Computer Science 161 (2014)

Final Exam

24 hours between May 6, 2014 and May 10, 2014 PM

240 minutes/240 points

Instructions

The points allocated to each problem correspond to how much time we think the problem should take. Although you have 24 hours in which to take the exam, we do not recommend that you pull an all-nighter and spend 24 hours completing the exam.

All questions should be directed to me (Margo) via email. I will check mail periodically, but do not expect an instant response. I strongly encourage you to read through the exam and fire off any questions that immediately come to mind. I will check mail regularly, but will not be watching constantly.
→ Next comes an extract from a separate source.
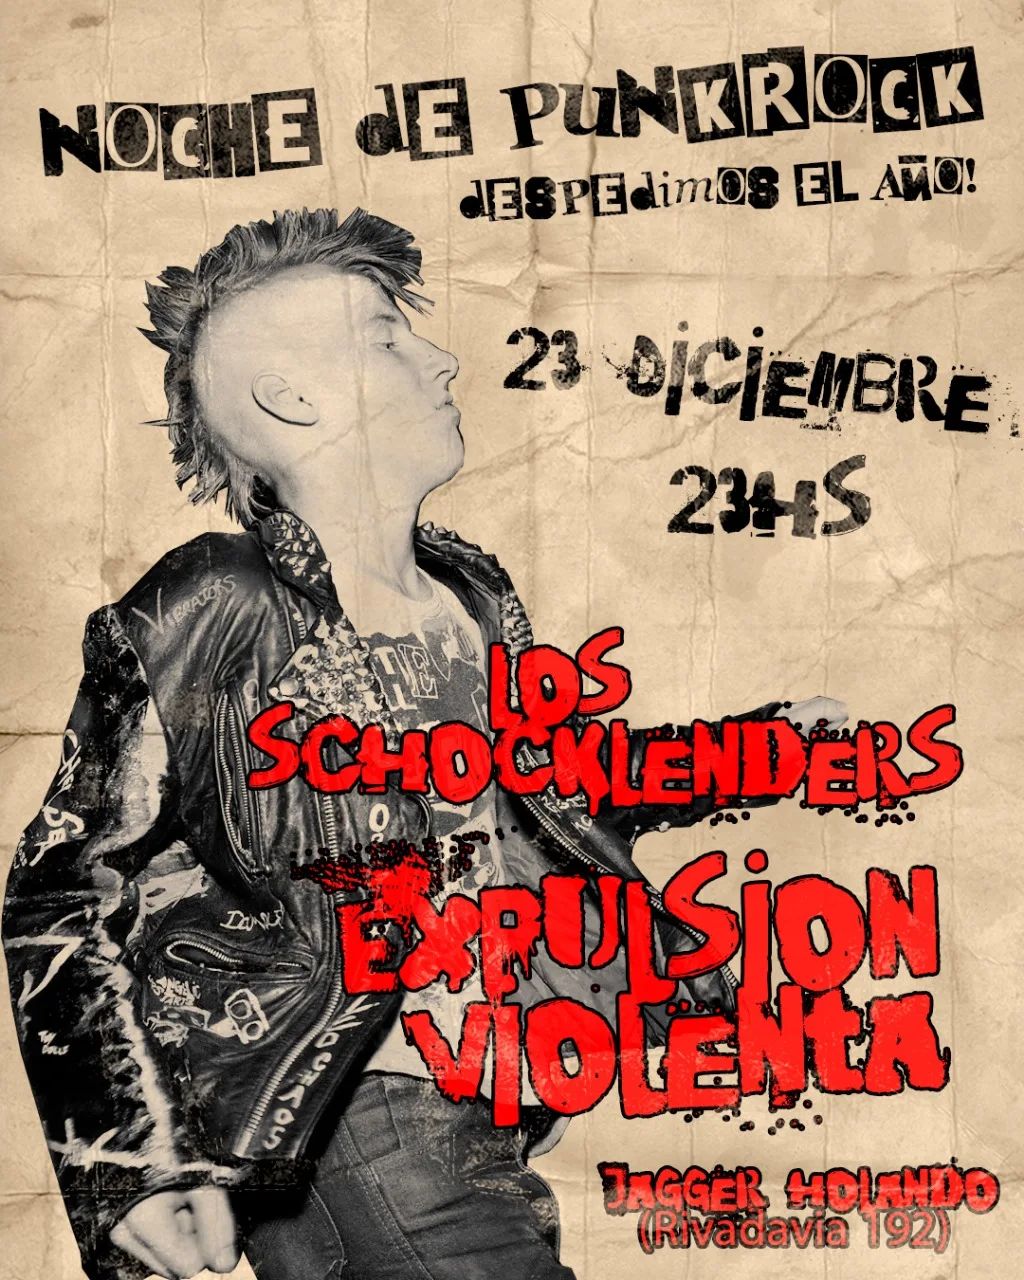 Expulsión violenta - Shoklenders - Cultura para Armar

When in doubt, document assumptions.

Here is my advice on how to complete this exam:

Please send your answers to me in a PLAIN TEXT file as an attachment (in a perfect world, your text file would not have lines longer than 80 characters, but I'll reformat it if it does). Label the answers clearly so it is obvious what answers correspond to what questions. Leave space between each question. Please place your answers in order in the file. Send your completed exam to margo@eecs.harvard.edu. I will return the graded exam to you; I tend to engage in a dialog as much as possible, so there is some educational value in reading more than just the final number. This exam is open text book, open source code, and open notes. You may not use computers (cell phones, PDAs, or any other device that can talk to a network) during the exam (other than to record your answers, to view OS/161 or System/161 code, or to examine your notes or the course web site). Please do not access the Piazza group during the exam. You must complete the exam on your own.

Exam Policy Statement

Please do not forget to do this!

as stated above, please write the following statement and then place your name after it, asserting that you have followed the rules of the exam. "I have neither given nor received help on this exam and have followed the rules as stated." If this statement is absent, you will hear from me.
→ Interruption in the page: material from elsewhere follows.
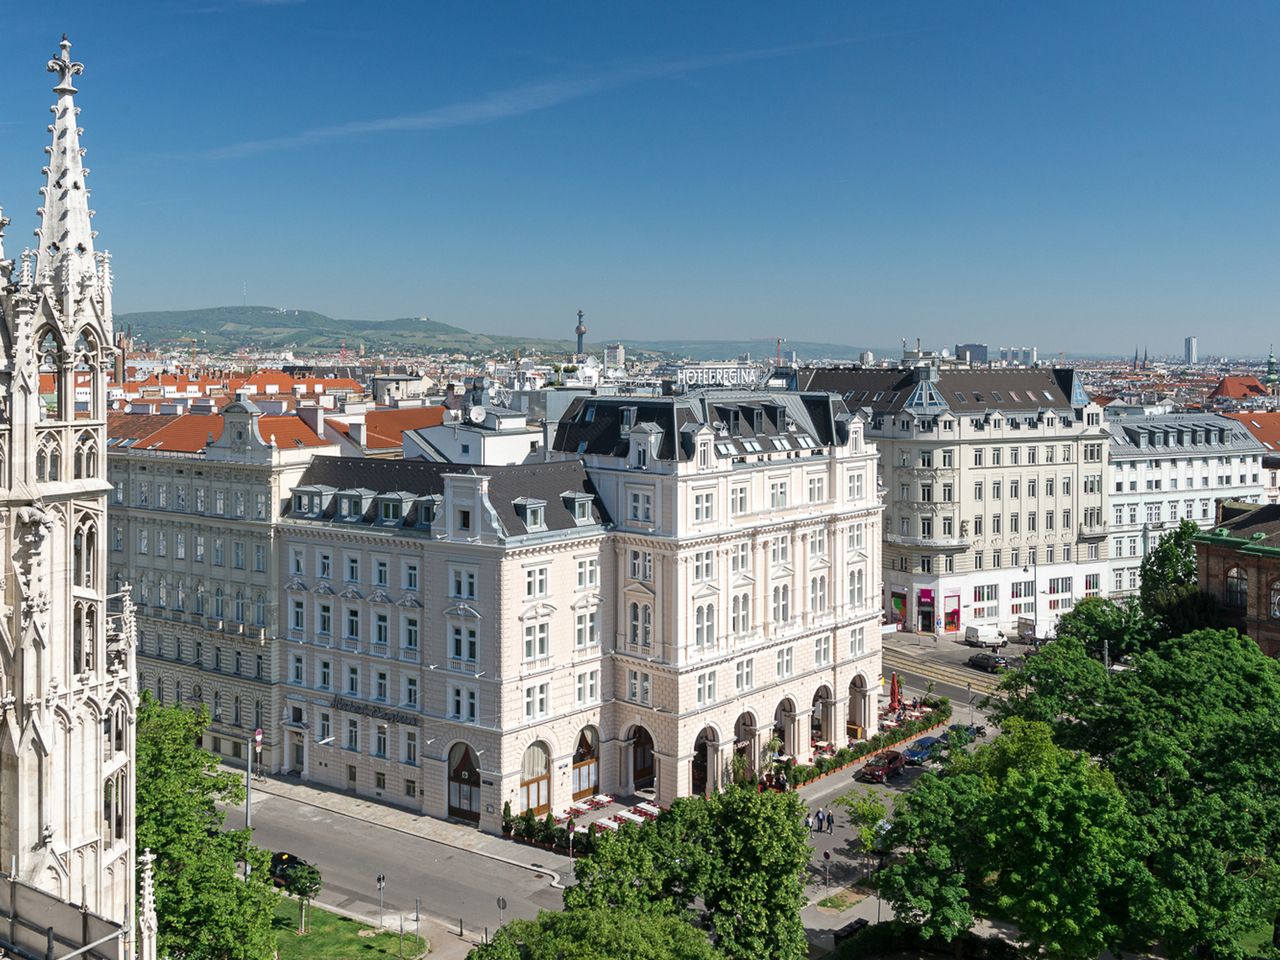 Das wunderschöne Wien erleben - 2 Tage

1. Retake Concept Inventory (5 points)

This is a free 5 points -- all you need to is complete the concept inventory that you took at the beginning of the year to the best of your ability. You will be graded for completion, not based upon the correctness of your answers, but if you do worse than you did in February, we'll be sad.

2. OS Abstractions (45 points)

The main learning object of this coures is for you to be able to explain how an operating system provides the abstractions with which programmers are familiar. To that end, for each of the three items listed below, explain to a smart student who has completed CS50, is reasonably comfortable programming to the POSIX API, but has not taken CS61 (nor CS161) and doesn't know how the operating system provides each abstraction. (More concretely, your audience knows how to program, has heard of VM but has no idea what it means, knows that computers consist of a processor, memory, and a disk, and knows how to write programs in C that use POSIX system calls like fork, exec, open, close, read, write.)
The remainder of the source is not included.